In-universe information
- Species: Bear
- Gender: Male
- Occupation: Mascot of Golden Crisp

= Sugar Bear =

Sugar Bear is the advertising cartoon mascot of Post Super Sugar Crisp (later Golden Crisp) cereal.

==History==
Sugar Bear originally appeared in the 1940s as the mascot of Sugar Crisp (later known as Golden Crisp), a cereal produced by General Foods Corporation under the Post brand. The original bear was designed by Robert "Bob" Irwin, a graphic designer for Post Cereal and voiced, in animated commercials, for 40 years by Gerry Matthews in emulation of a Bing Crosby or Dean Martin persona – a shallow-eyed, easy going character who crooned his cereal's praises to the tune of "Joshua Fit the Battle of Jericho".

He was made a character in the 1964 Saturday morning cartoon Linus the Lionhearted. Most of the characters in the series, sponsored by General Foods, were mascots for Post cereal products (permitted at that time, later banned by the American Federal Trade Commission (FTC)).

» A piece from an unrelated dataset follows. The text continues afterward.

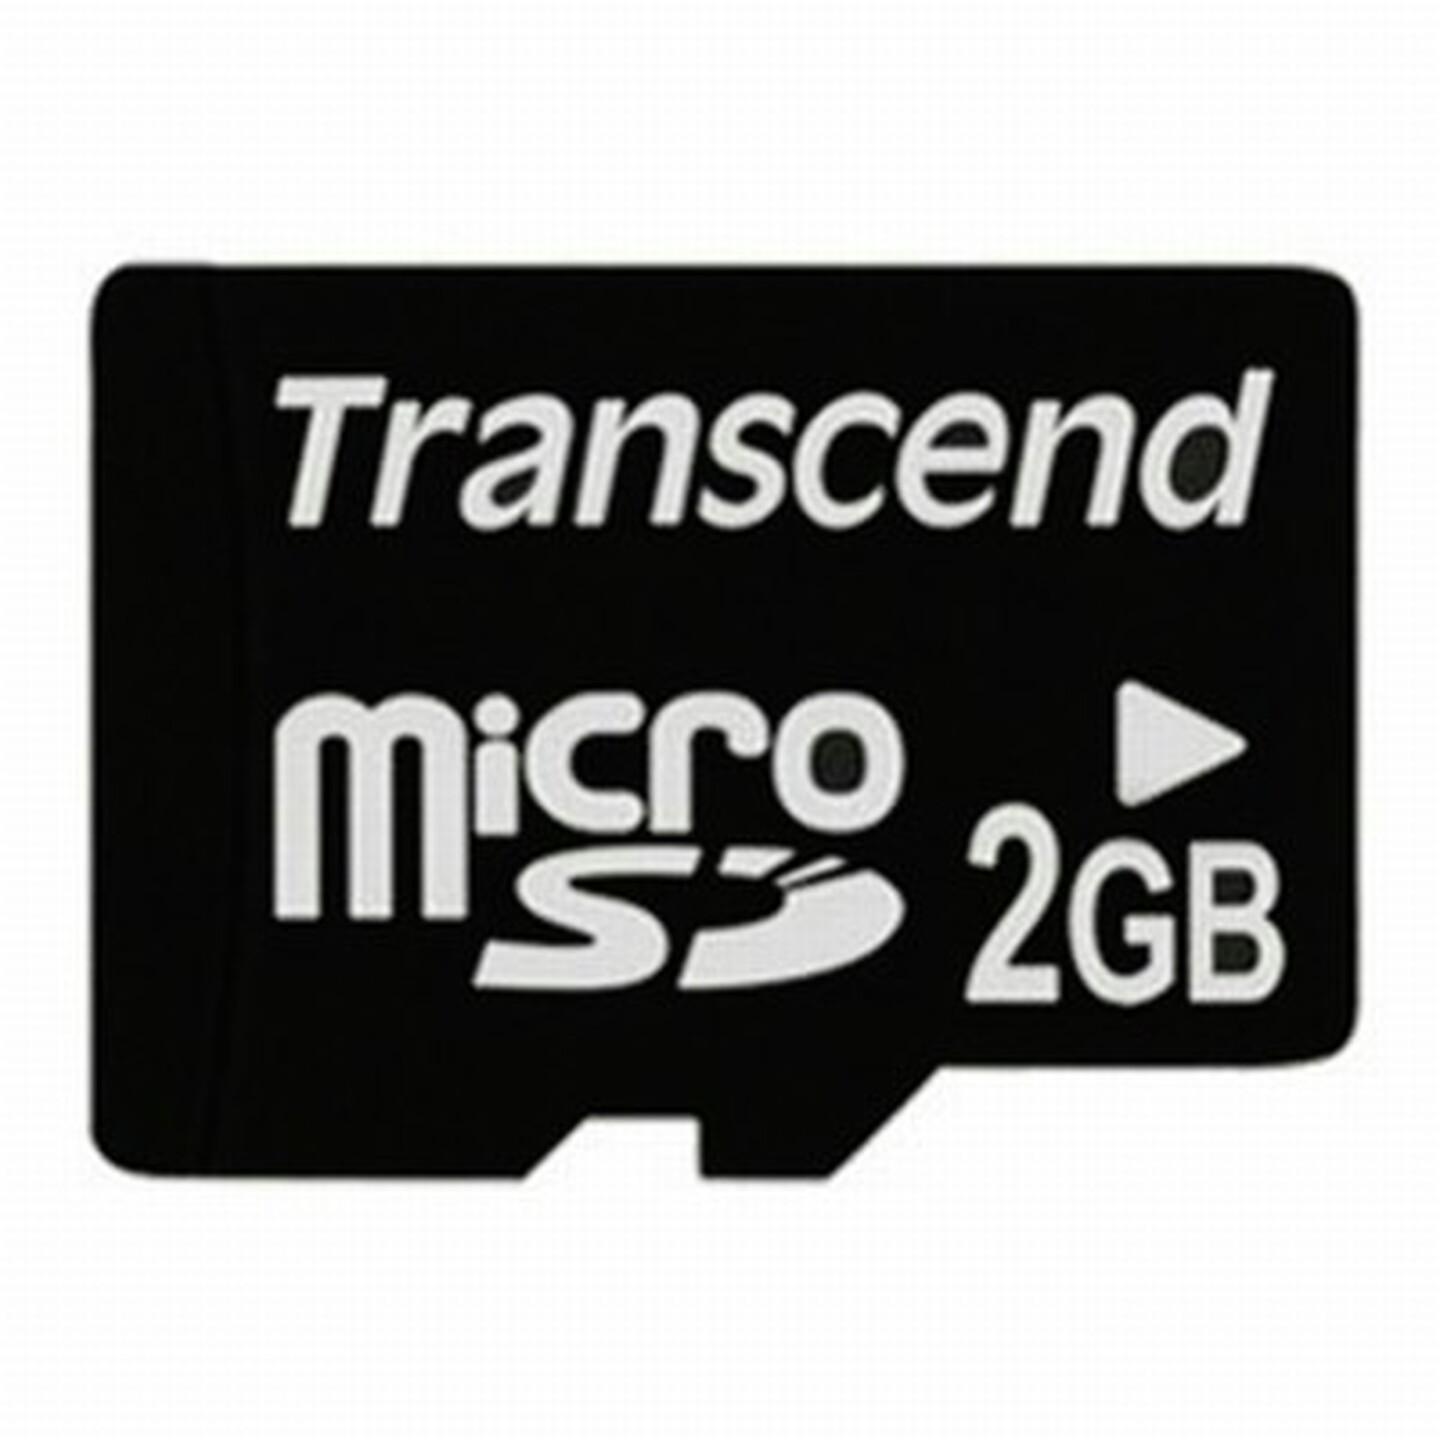 2GB Class 4 microSD Card

Sugar Bear normally wore a blue turtleneck sweater with his name on the front, and in the 1980s a bite of Super Sugar Crisp would turn him into the muscular "Super Bear" (this alter ego was used to fight monsters who would steal the cereal). Several commercials in the mid 1980s had him using mere casual gestures to outsmart the aggressive tendencies of other animals. Examples include 1987 spots featuring Sugar Bear riding an elephant into a jungle of feisty tigers, playing matador to a raging bull, and sparring with irate sharks of the ocean.

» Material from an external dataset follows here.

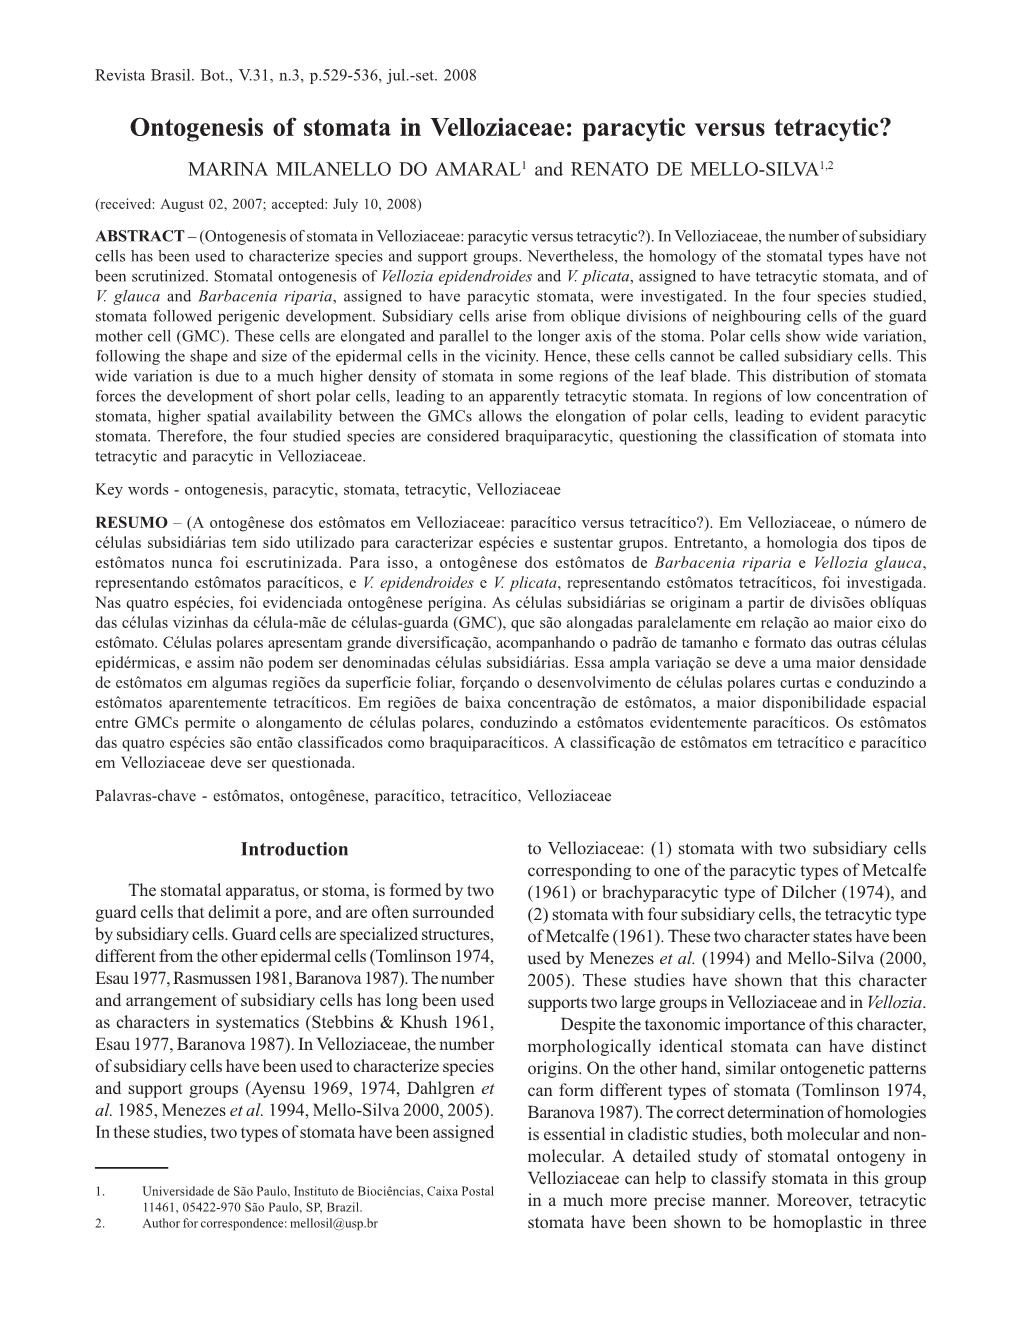 Ontogenesis of Stomata in Velloziaceae: Paracytic Versus Tetracytic? MARINA MILANELLO DO AMARAL1 and RENATO DE MELLO-SILVA1,2

His consistent nemesis was an elderly woman called Granny Goodwitch (voiced by Laugh-In's Ruth Buzzi), with whom he engaged in elaborate contests, often involving trickery, magic, and high technology to decide who got a box of the cereal. In the end, Granny Goodwitch was never angry with Sugar Bear. Other nemeses included Blob, whose breakfast included pickles and soda; and Sugar Fox, who always tried and failed to keep Sugar Bear from getting his box of Super Sugar Crisp.

The Sugar Bear character was popular enough to have occasional premium toys. A yo-yo and padlock were produced in the 1960s, and even in 1993, a Christmas ornament saw him dressed as Santa Claus. Miniature talking plush dolls were also released in the early 1990s. Most recently, a Wacky Wobbler was released by Funko Inc.

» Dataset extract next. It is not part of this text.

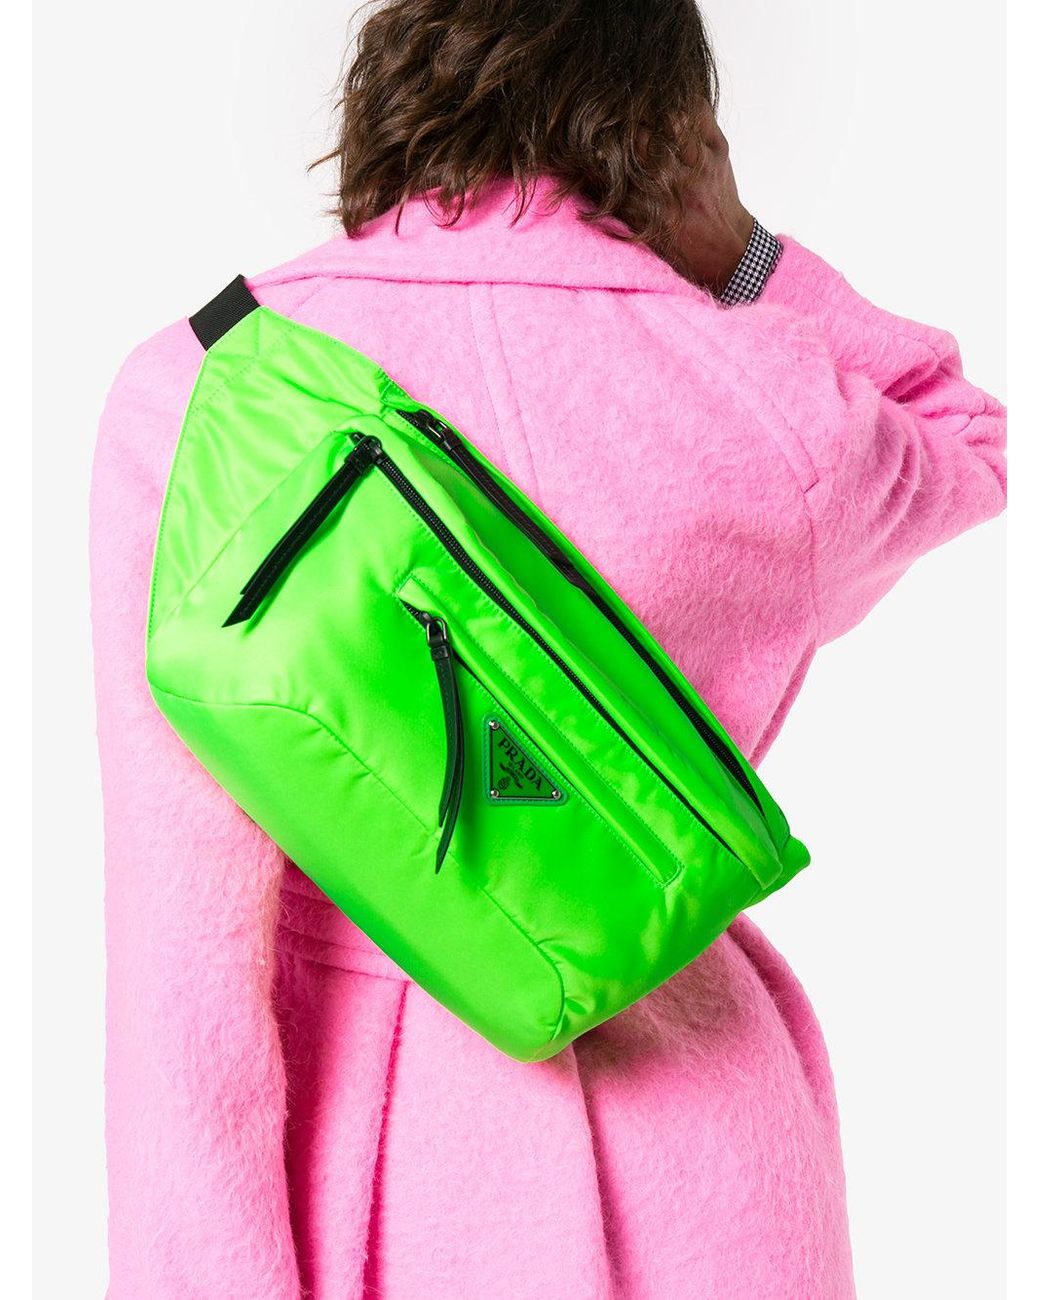 PRADA Puffer Nylon Tote Bag Neon Green 526663

Sugar Bear is being illustrated for the box covers by commercial illustrator Seymour Schachter.

==Musical group==
In 1971, producer Jimmy Bowen, singers Kim Carnes and Errol Sober, songwriters Baker Knight, Mike Settle, and others created a bubblegum pop studio group named the Sugar Bears. A cardboard cut-out record was produced and printed on the back of thousands of Super Sugar Crisp cereal boxes. The illustrated record identified four members: Sugar Bear, Honey Bear, Shoobee Bear, and Doobee Bear. Five different versions of the record were printed, each with one of five songs shown on the label. A commercial album, Presenting the Sugar Bears, and three singles were released by Big Tree Records with one song, "You Are the One", reaching No. 51 on the Billboard charts.